Gordon Brown became the new British Prime Minister Wednesday, bringing an end to Tony Blair’s decade in power.
Brown, who has waited 10 years for his turn as Prime Minister, met the Queen at Buckingham Palace on Wednesday afternoon, when she formally offered him the role of Prime Minister.
On taking up his new office, Brown promised a fresh start after a decade marred largely by the Iraq war and growing voter distrust.
"This will be a new government with new priorities," Brown said in a statement to reporters outside the Prime Minister's residence at 10 Downing Street, reports Reuters.
"I've heard the need for change ... and this need for change cannot be met by the old politics," he said. "And now let the work of change begin."
Blair tendered his resignation to the Queen earlier on Wednesday after receiving a standing ovation during his final Prime Minister’s Question Time.
The Evangelical Alliance, which represents more than a million evangelicals in the UK, welcomed Prime Minister Brown to office with a challenge to “stand up for justice, family and freedom of conscience during his premiership”.

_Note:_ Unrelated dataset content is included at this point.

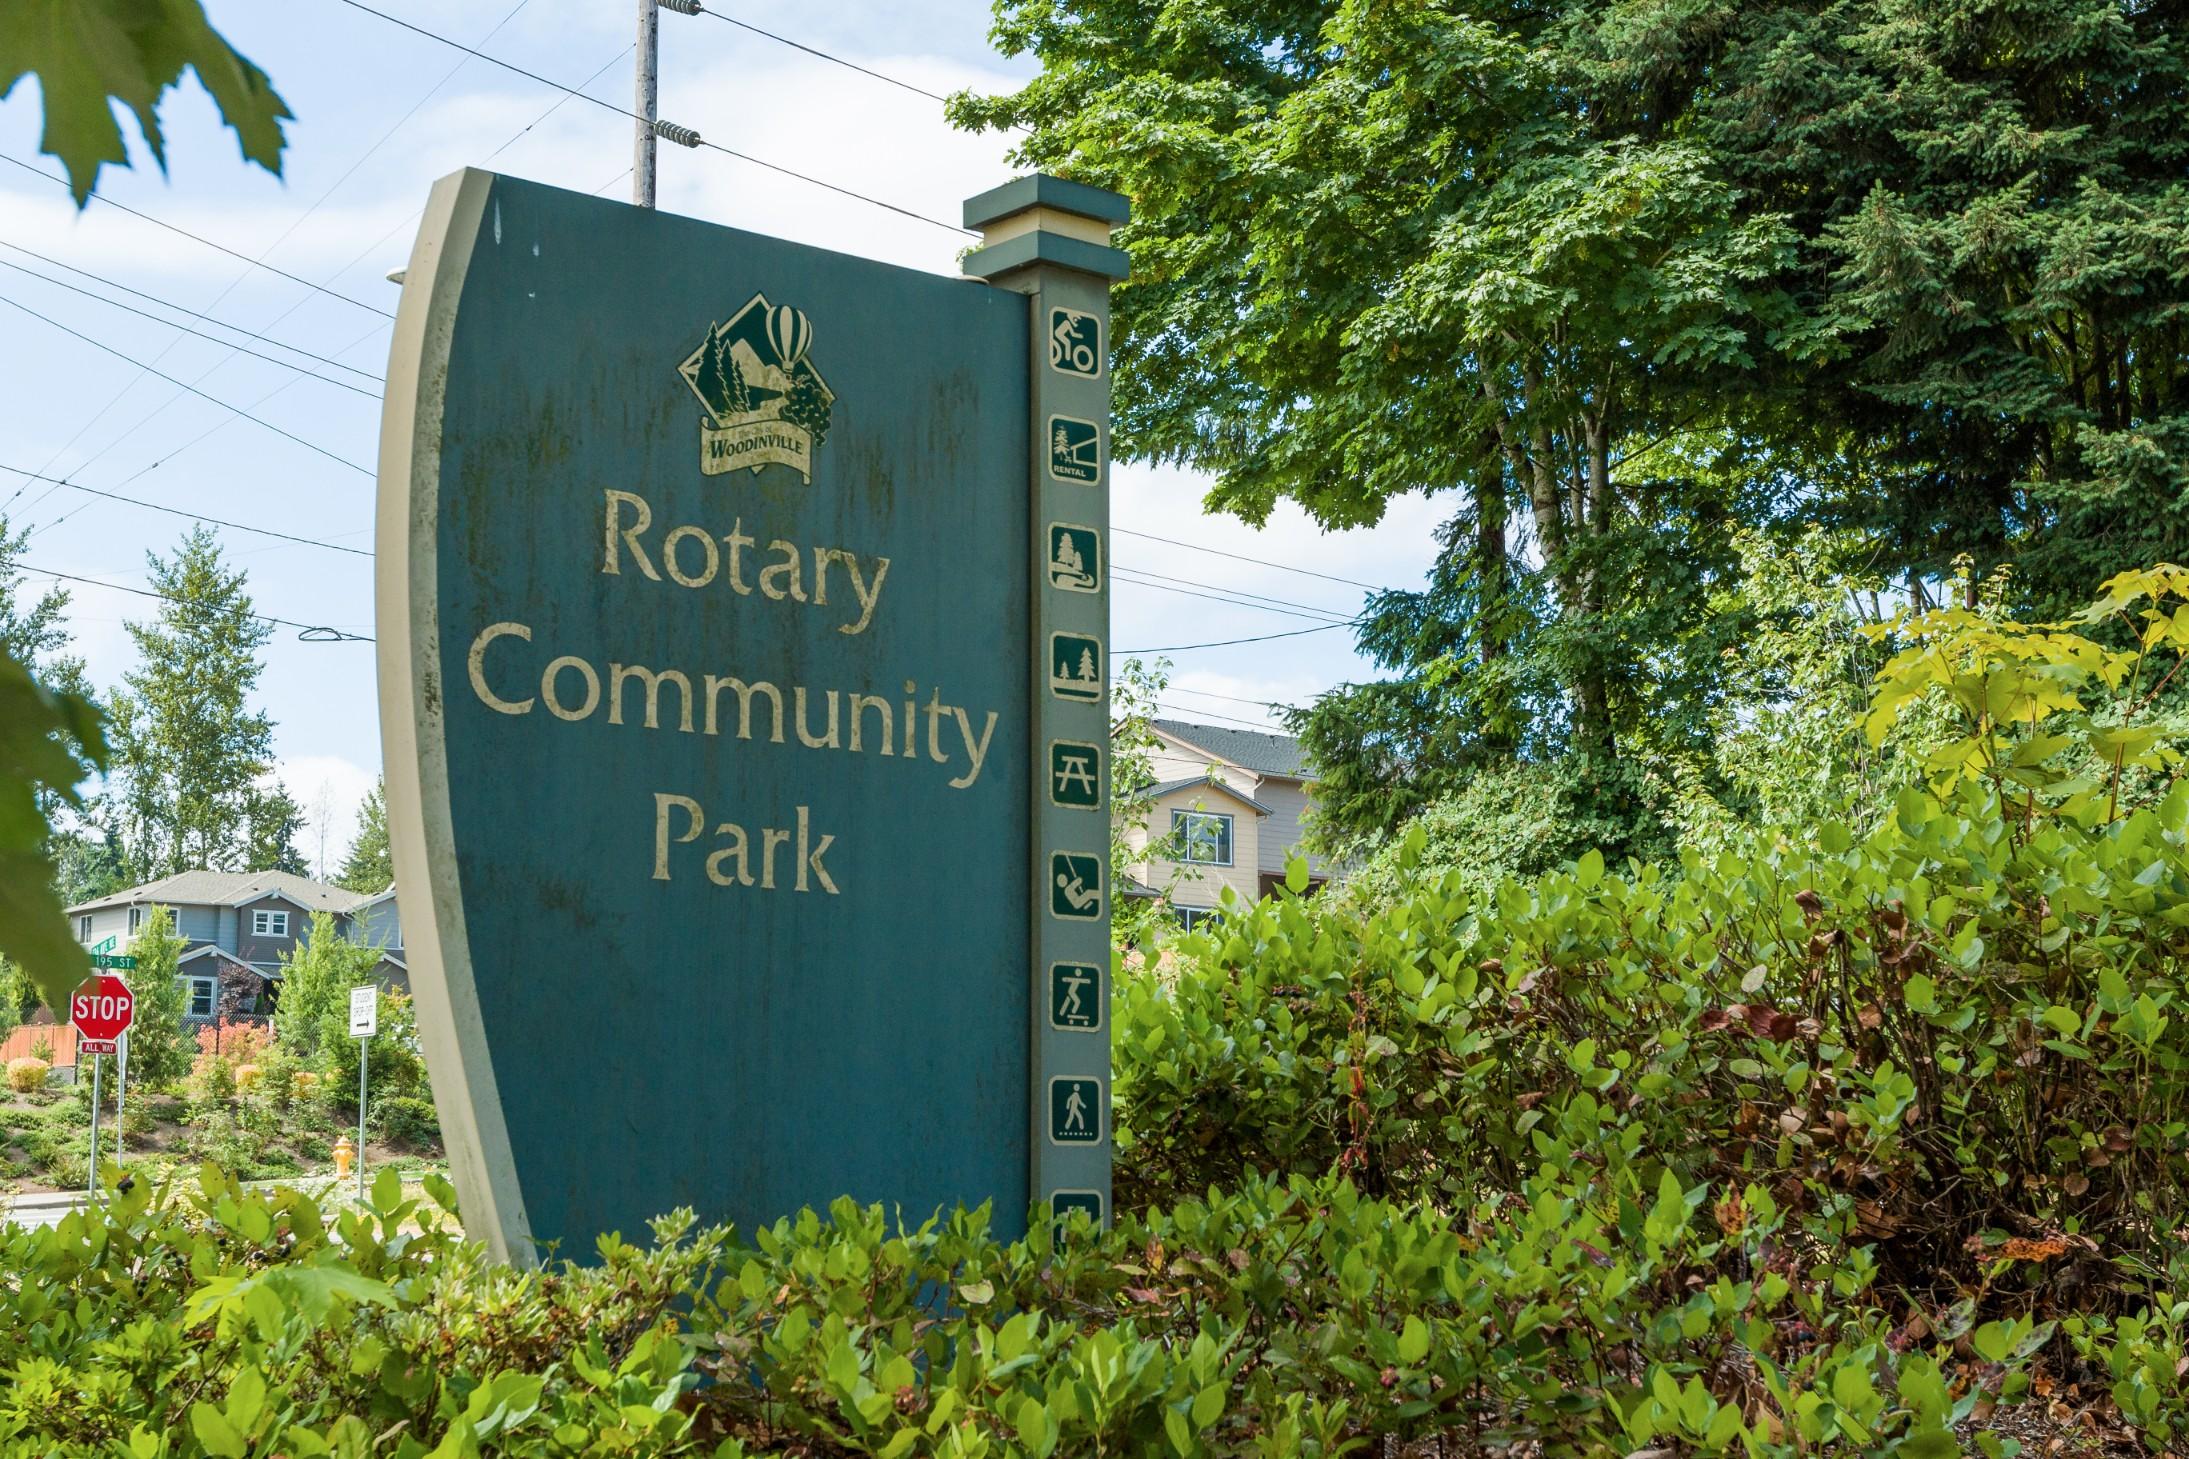 WindermereNorth_Woodinville_RotaryCommunityPark.jpg

An official statement made by the EA read: “The Alliance would like to congratulate Gordon Brown on his new office, and to welcome his openness about his Presbyterian background and how his church minister father’s ‘moral compass’ has affected his outlook on life.”
Dr R David Muir, the Evangelical Alliance’s Public Policy Director, added: “Gordon Brown has said the values he grew up with will guide him in his leadership – including honesty, family and respect for others.
“I hope these values will be evident through the policies he adopts."
“I also hope that his leadership and advocacy of a ‘new politics’ of openness and inclusion will encourage greater participation in civil society and remove some of the cynicism about politics in our country.”
The EA, along with Christian Today, are members of anti-poverty coalition ‘Micah Challenge’, which earlier this week urged Britain’s new Prime Minister to take a powerful stand to stamp out global poverty.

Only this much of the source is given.